Consumer electronics devices are continually getting smaller and, with advances in technology, are gaining ever-increasing performance and functionality. This is clearly evident in the technology used in consumer electronic products and especially, but not exclusively, portable products such as mobile phones, laptop computers, MP3 players and personal digital assistants (PDAs). Requirements of the mobile phone industry for example, are driving the components to become smaller with higher functionality and reduced cost. It is therefore desirable to integrate functions of electronic circuits together and combine them with transducer devices such as microphones and speakers.
One result of the above is the emergence of micro-electrical-mechanical-systems (MEMS) based transducer devices. These may be for example, capacitive transducers for detecting and/or generating pressure/sound waves or transducers for detecting acceleration. There is also a continual drive to reduce the size and cost of these devices.
Microphone devices formed using MEMS fabrication processes typically comprise a membrane with electrodes for read-out/drive deposited on the membrane and a substrate. In the case of MEMS pressure sensors and microphones, the read out is usually accomplished by measuring the capacitance between the electrodes. In the case of transducers, the device is driven by a potential difference provided across the electrodes.
FIG. 1a shows a basic MEMS device 1 comprising a substrate 3 having a membrane 5 formed thereon. The substrate 3 comprises a back-volume 7. The back-volume 7 is formed using an etching process from below the substrate, known as a “back-etch”. The back-volume 7 forms an important part of a MEMS device, since the back-volume enables the membrane to move freely in response to incident sound or pressure waves.
The substrate has a width “X” and a height “Y”. For example, the width X may be typically 1.5 mm, and the depth Y typically 625 μm. The diameter of the membrane 5 is typically 1 mm.
Although not shown in FIG. 1a, it will be appreciated that, in order to incorporate the transducers into useful devices, it is necessary to interface or couple them to electronic circuitry (not shown), which may either be located on the same substrate or a separate integrated circuit.
FIG. 1b shows a view of the MEMS device 1 from underneath the substrate 3, having a back-volume 7 etched therein. The back-volume has a diameter of typically 900 μm.

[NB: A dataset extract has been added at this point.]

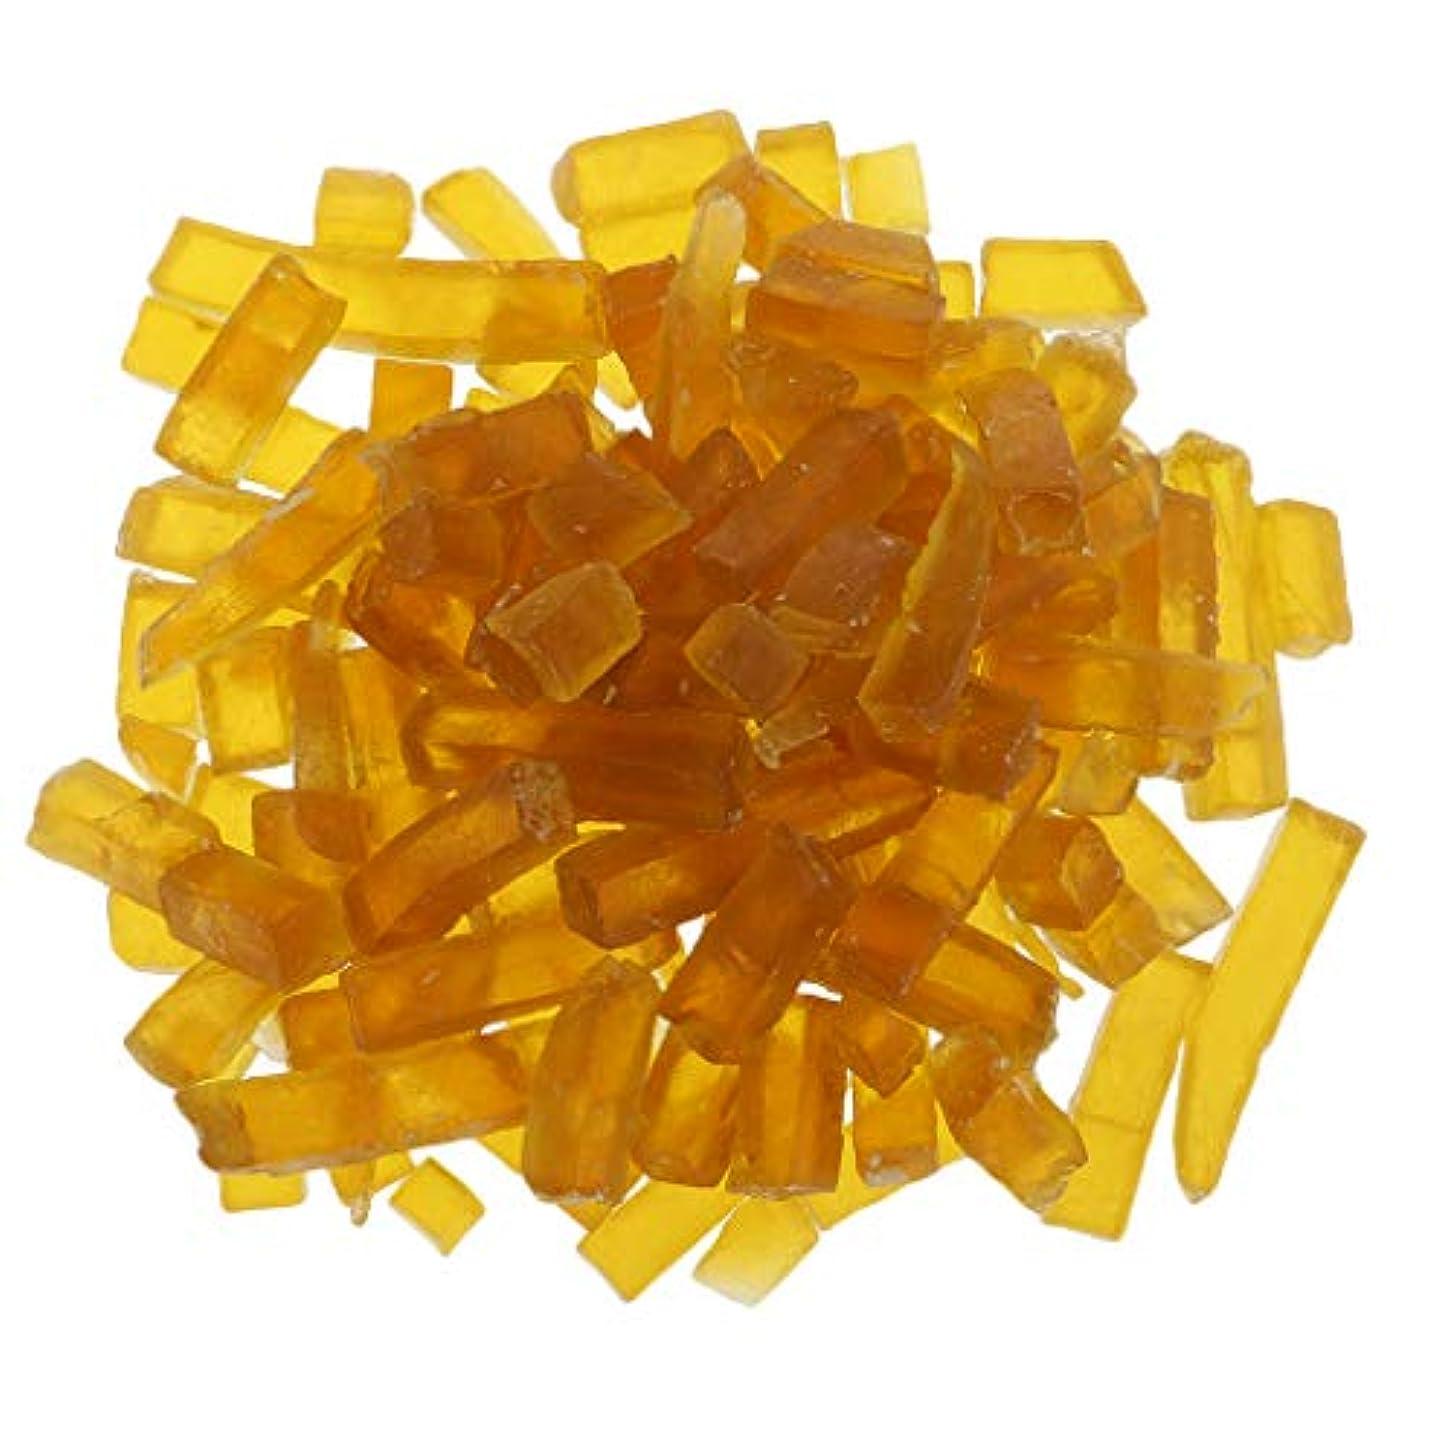 ジャーナルレンジ値するソープベース 石けん素地 溶融植物 手作り 石鹸用 天然植物 250g イエロー
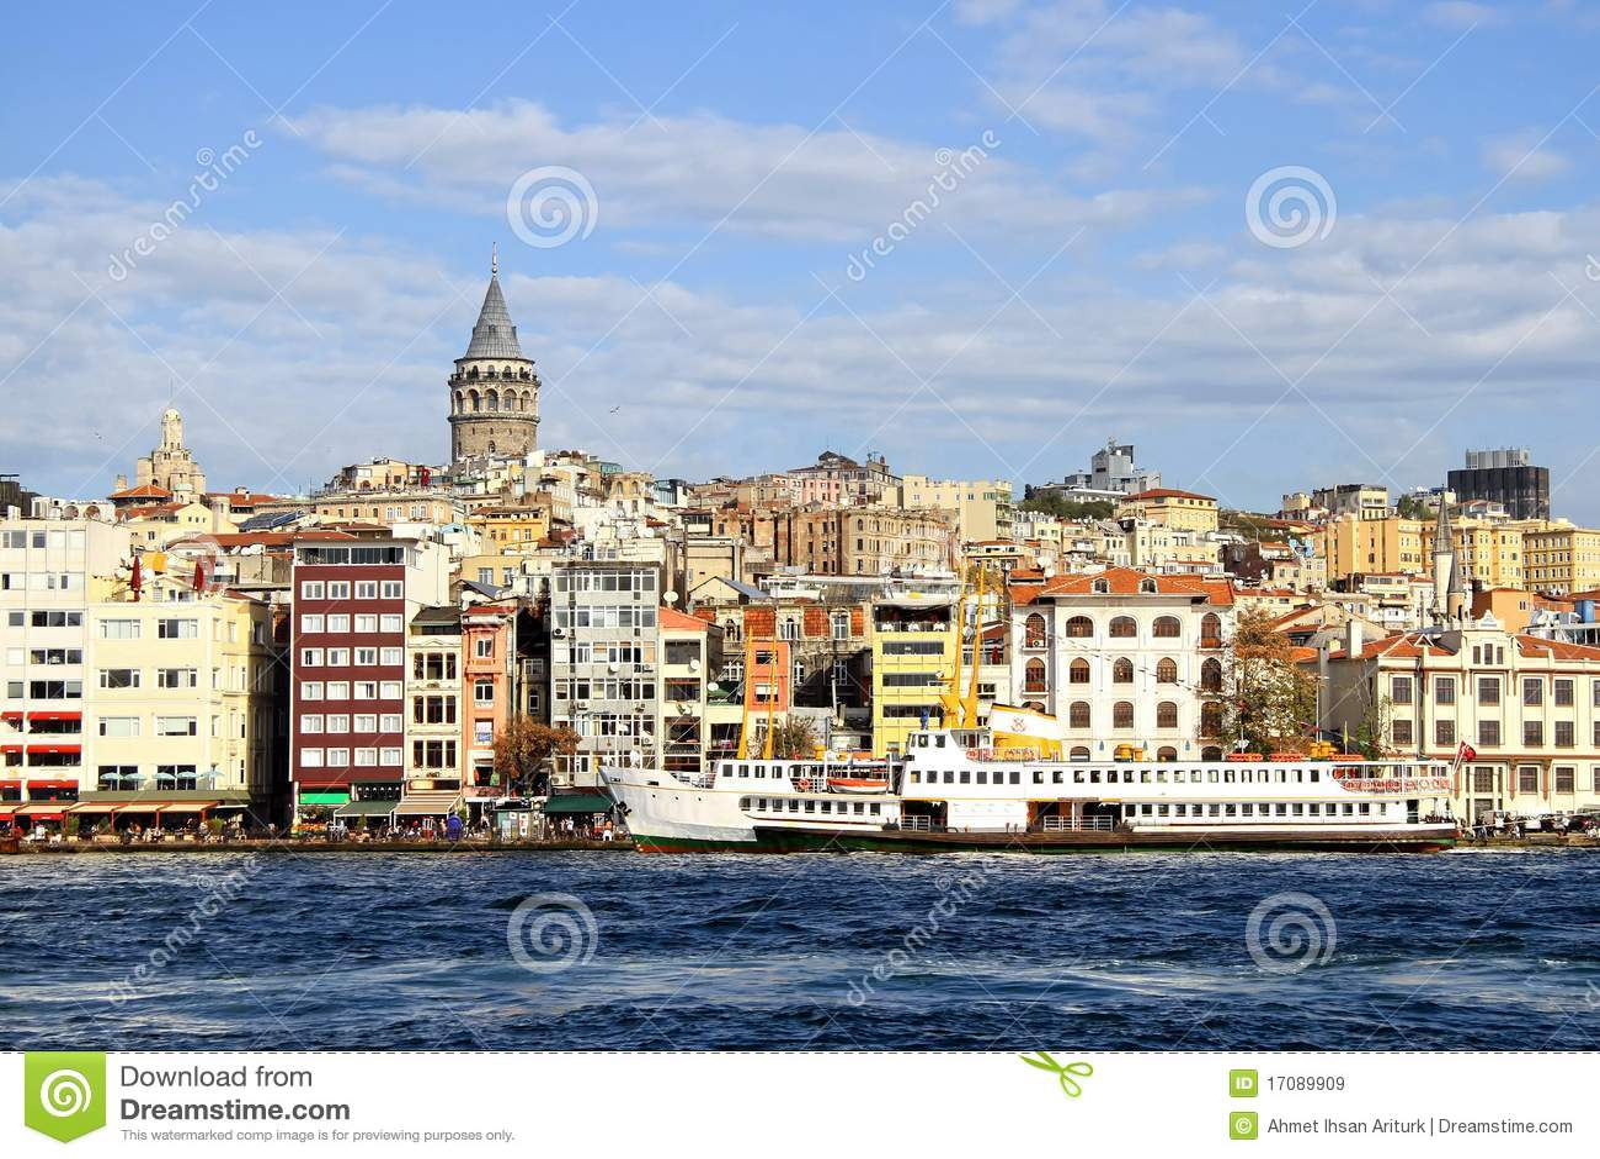 Kanal Istanbul-Karakoy

There is a continual drive to reduce the overall size of a MEMS device 1, particularly when such devices are to be incorporated into portable electronic equipment. However, as will be appreciated, reducing the size, and in particular the height, of the MEMS device has the consequential effect of reducing the size and hence volume of the back-volume 7. That is, an obvious method of reducing the height of the device is to reduce the thickness of the substrate 3, and this will cause the back-volume 7 to reduce in size also. Reducing the size of the back-volume 7 can have a degrading effect on the output signals produced by the MEMS device 1. It will therefore be appreciated that a trade-off exists between the size and performance of the MEMS device.
This is because the back-volume 7 must be of sufficient size to produce sufficient compliance, i.e. compression, to allow a substantially un-damped movement, i.e. deflection, of the membrane. In a microphone having a small back-volume the compliance is reduced and therefore the sensitivity is reduced. Pressure relief holes (not shown) are required between the back-volume 7 and the atmosphere to prevent pre-stressing of the membrane. These pressure relief holes introduce an acoustic impedance between the back-volume and the atmosphere which, in relationship with the compliance of the back-volume, introduce a 1/f noise spectrum into the microphone output.
Increasing the back-volume increases the signal-to-noise ratio (SNR) of the microphone. The larger the back-volume becomes, the greater the compliance, i.e. the less the impedance, of the back-volume becomes. As a consequence, the lower in frequency the 1/f noise spectrum, due to the pressure relief holes, becomes.
One way of overcoming the drawback of reducing the back-volume when reducing the height of the MEMS device is to increase the diameter or area of the back-volume 7, such that a reduction in height is offset by the increased diameter or area. However, the amount by which the diameter or area of the back-volume 7 can be increased is limited by the diameter of the membrane. For example, with the dimensions given as examples in FIGS. 1a and 1b, the area of the back-volume 7 cannot be increased significantly above 900 μm, since the diameter of the membrane is only 1 mm.
It is therefore an aim of the present invention to provide a MEMS device that is capable of increasing the back-volume for any given height.